EQUITY STICKS, by Ms. Lindsay Mouyal

While trying to help my student teacher, Susan, come up with a strategy to help her learn the 550+ student names I serve at two elementary schools, we came up with the idea to create "equity sticks." Susan's college supervisor made the suggestion to write student names on popsicle sticks and I had done this previously for select classes in years past. As mentioned in many classroom management books and blog posts, knowing your students and showing how much you really care is one of the most crucial and beneficial first steps in creating an encouraging classroom environment and working towards a successful classroom management plan.

At first I was skeptical that taking the time to create a cup or Ziploc bag with names for all classes and a stick with every student's name inside was the best use of our limited time; however after using them for almost two weeks now I can honestly say it was definitely worth it!

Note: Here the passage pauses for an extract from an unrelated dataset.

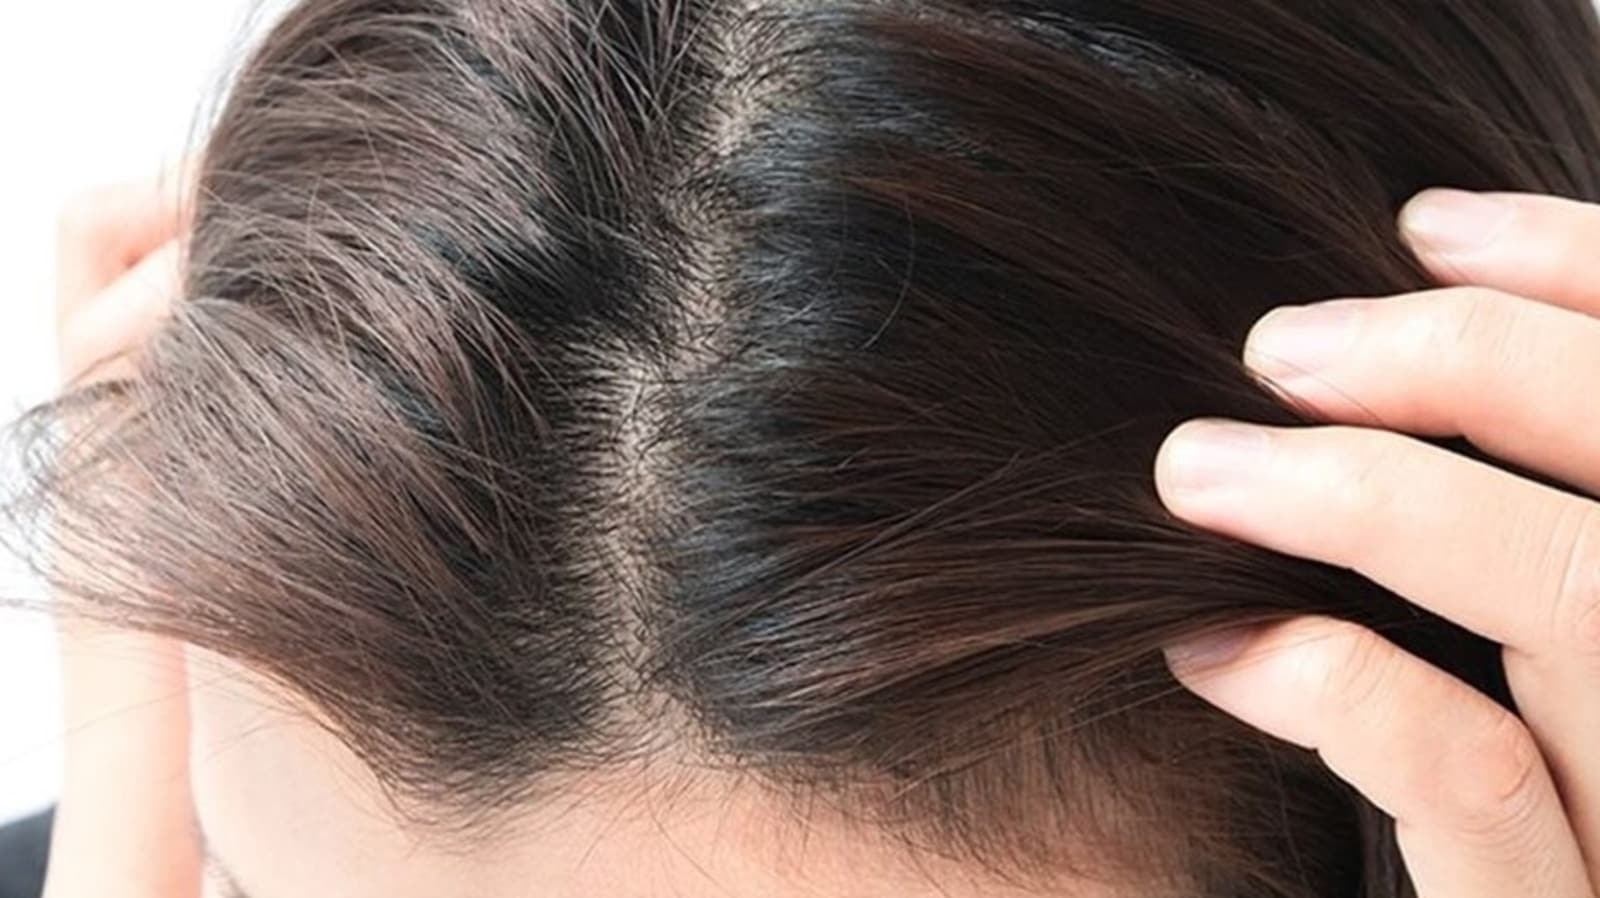 Heres How to Treat Pimples on Scalp Home Remedies Causes and Prevention

Once we started using the sticks we quickly realized that they not only have begun helping Susan remember student names, but they have also helped with classroom management in other ways. For one, it keeps students on their toes and more engaged when they see that instead of calling on students at random or calling on students who have their hands raised (which seemed to be the natural instinct of both my student teacher and myself) we would be drawing name sticks out of the bag at random. I even pointed out to the kids, when introducing the new system, that even I wouldn't know what name I would draw out of the bag. Susan told me that she overheard students whispering "I like that idea," and "Me too!" during one of the classes she introduced the equity sticks to. Another positive thing that came out of them is that once you pull a name out of the bag you set it aside and only call on students that haven't had a chance to share their ideas yet.

My students are already more engaged in class discussions and several students with whom I struggled to connect with on a more personal level (being that I only see most classes for 30 minutes a week) seem to view our interactions as more genuine and authentic.

Lindsay Mouyal is the art instructor for 2 Title I elementary schools in Alabama. She is National Board Certified, serves as the Birmingham Art Education Association Representative, was the AAEA Alabama Art Educator of the Year for 2013, and also currently serves at a local university teaching an art education methods course.